RC (DNA: RG 59, DD); 2 p.; at head of text: “(No. 70.)”; at foot of text: “The Secretary of State”; endorsed by TJ as received 31 May 1793 and so recorded in SJL. Tr (Lb in same). Enclosures: (1) Bill of Lading, Petersburg, Virginia, 2 Feb. 1793, for shipping 7,218 bushels of wheat to Cadiz on the Mary for Gurdon Bachus of Petersburg (printed form in same; signed by Joseph Perkins; endorsed on verso: “Copy of Original left at Belleam Custom House”). (2) Joseph Perkins to Humphreys, Lisbon, 23 Mch. 1793, stating that the brig Mary, owned by Moses Brown of Newburyport and commanded by himself, put into Lisbon for safety on the way to Cadiz and was being unjustly detained on the pretended grounds that its cargo of wheat “was order’d to this market” and “invested entirely to my care independent of any Consignee”; that he would sail to his destination come what may unless the vessel and cargo were confiscated, thereby enabling him to justify himself to his employers; and that he should be paid the price of the market he is bound for if bread is urgently needed in Lisbon, where the price is only four-fifths of that in neighboring ports and will not cover the freight and charges of the voyage (Tr in same; signed by Perkins). (3) Humphreys to Luis Pinto de Sousa Coutinho, 25 Mch. 1793, promising to transmit to his government as soon as possible Pinto’s 20 Mch. answer to several communications on the subjects of grain and flour, transmitting Nos. 1 and 2 to verify the destination of the Mary and document the hardship caused by its detention, and requesting that the ship be allowed to proceed on her voyage before her perishable cargo was ruined (Tr in same, in Humphreys’s hand; Tr in Lb in same). (4) Pinto de Sousa Coutinho to Humphreys, n.d., enclosing an advisory for the Mary to be released from customs so that it may continue its voyage (Tr in same, in Portuguese, in Humphreys’s hand; Tr in Lb in same).

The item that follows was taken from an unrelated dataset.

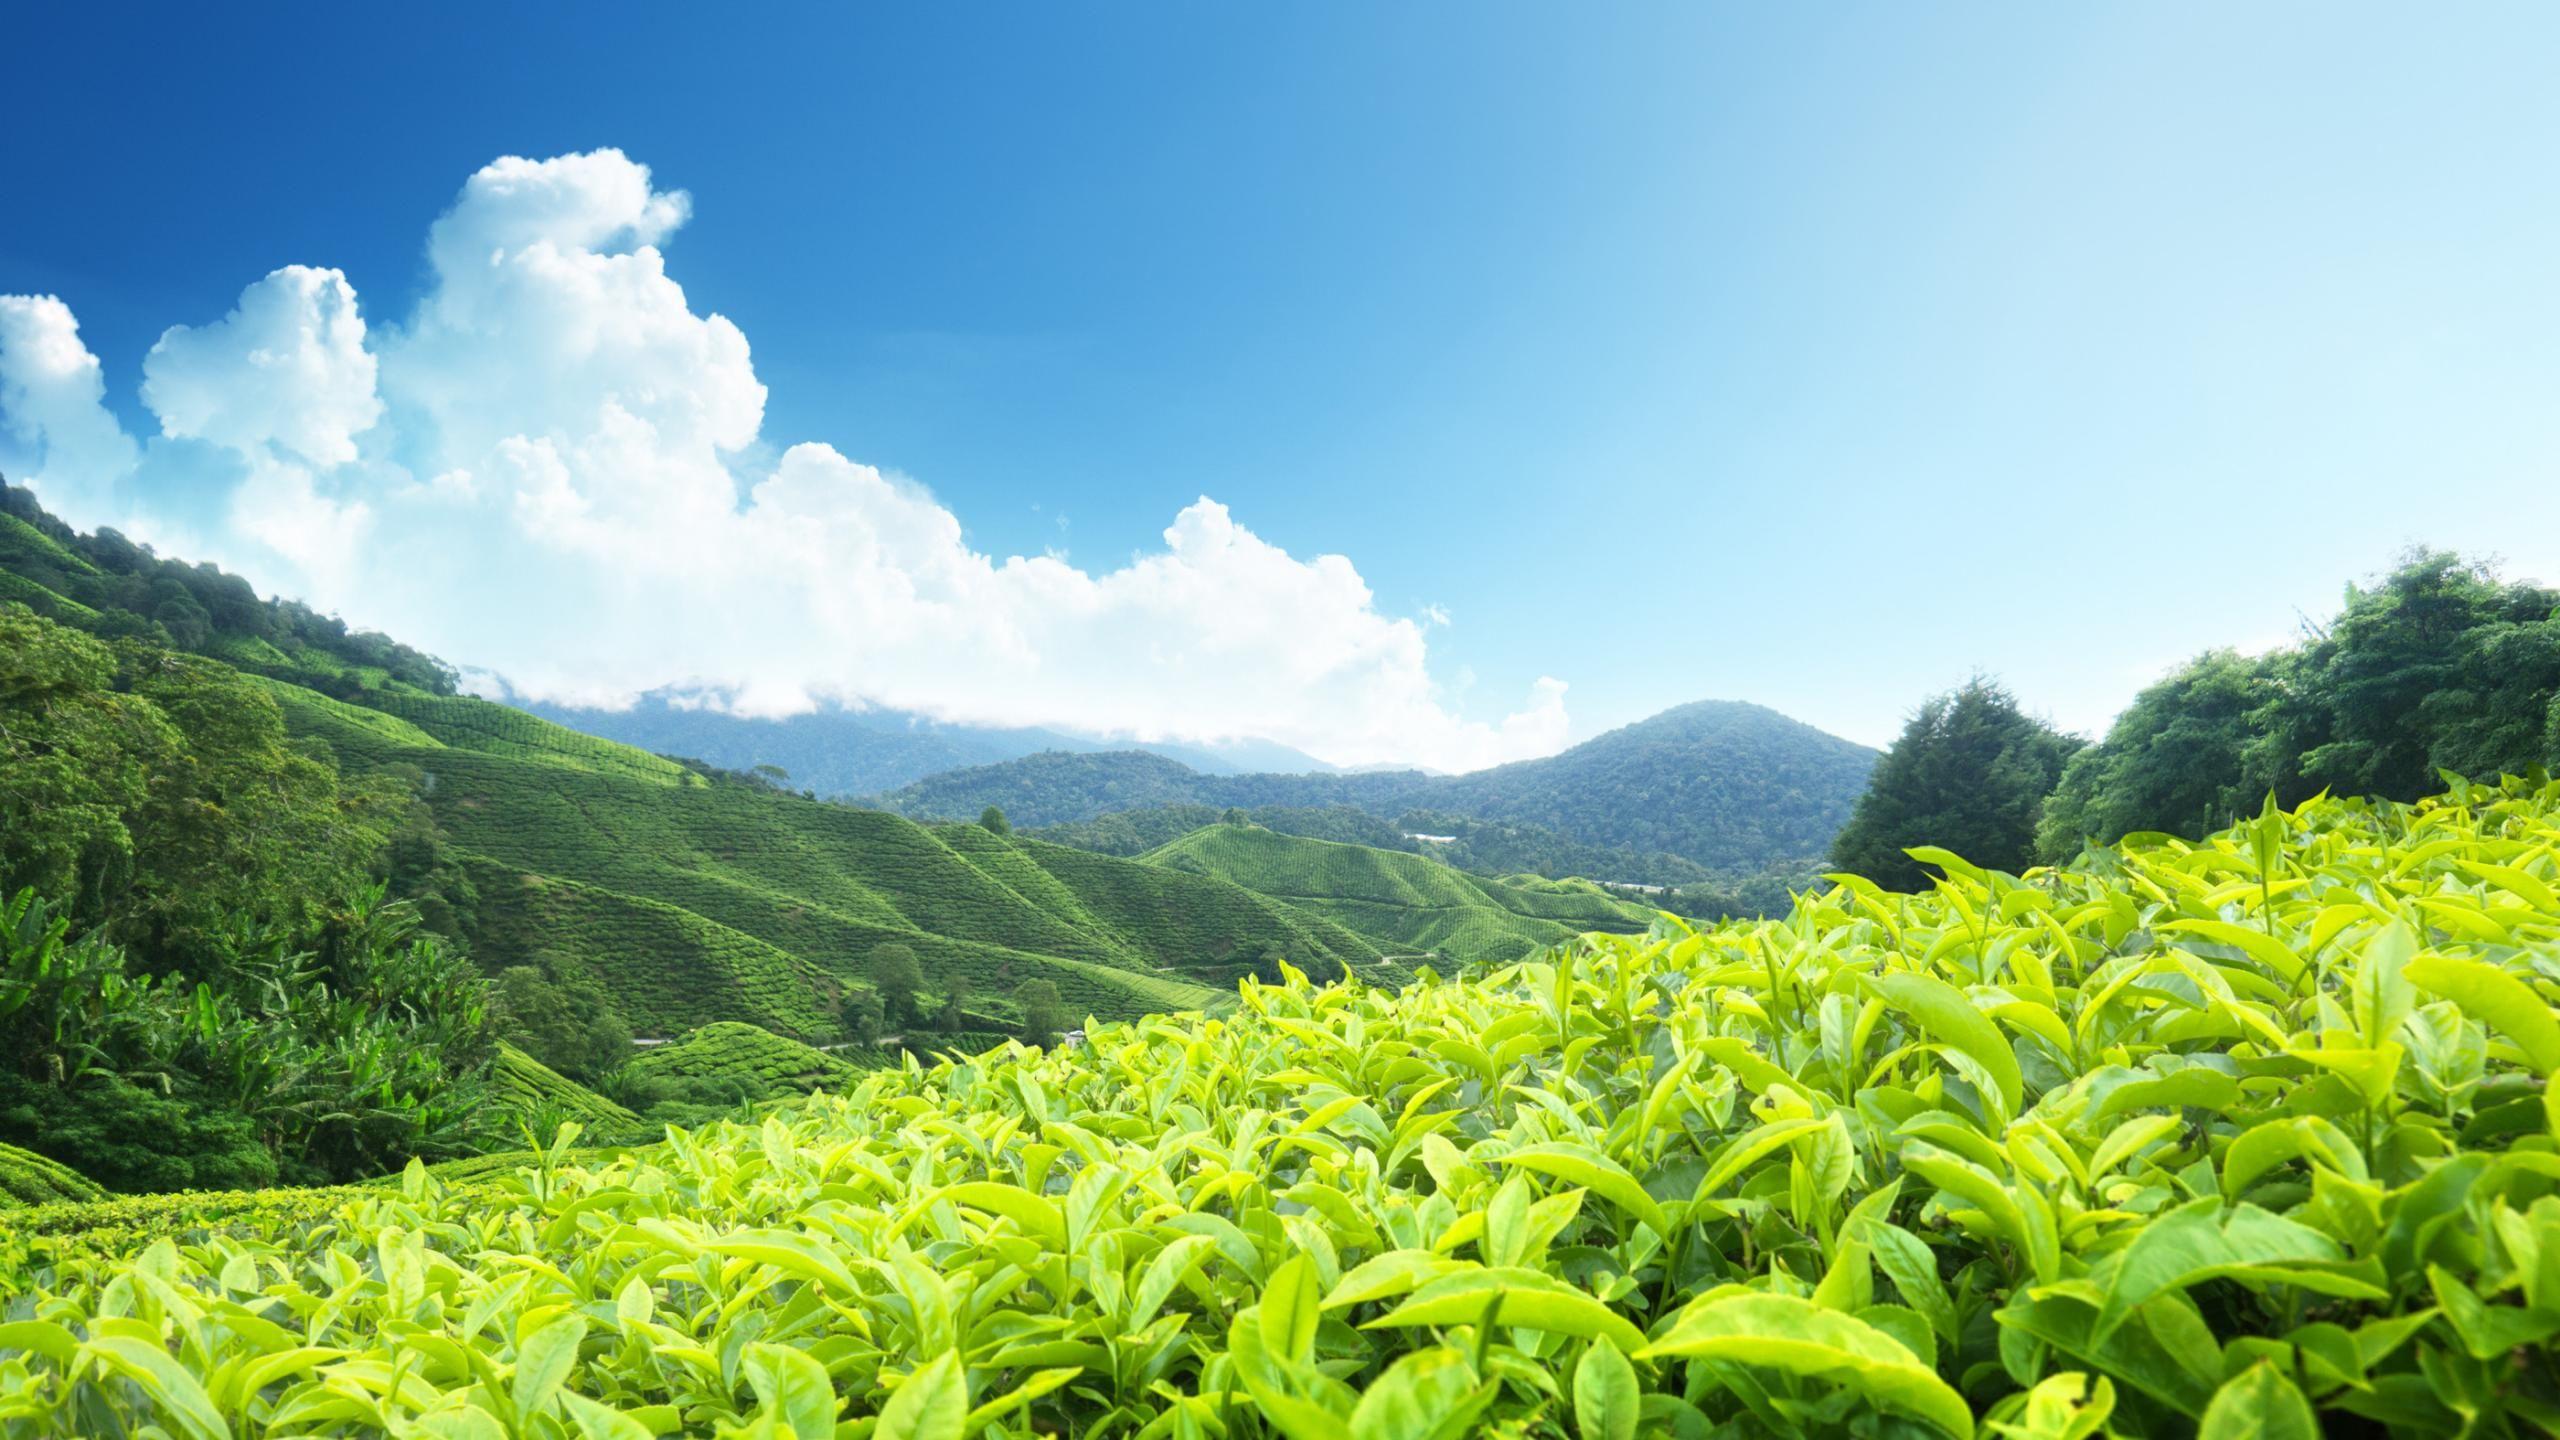 Find out: Tea Hills wallpaper on http://hdpicorner.com/tea-hills ...

The enclosed letter from William Short to TJ has not been identified; its receipt was not recorded in SJL on 31 May 1793 when TJ registered Humphreys’s letter. Short’s letter to Alexander Hamilton was dated either 22 or 30 Mch. 1793 (Syrett, Hamilton description begins Harold C. Syrett and others, eds., The Papers of Alexander Hamilton, New York, 1961–87, 27 vols. description ends , xiv, 235–6, 261–3). TJ submitted Humphreys’s letter to the President on 31 May 1793 (Washington, Journal description begins Dorothy Twohig, ed., The Journal of the Proceedings of the President, 1793–1797, Charlottesville, 1981 description ends , 157).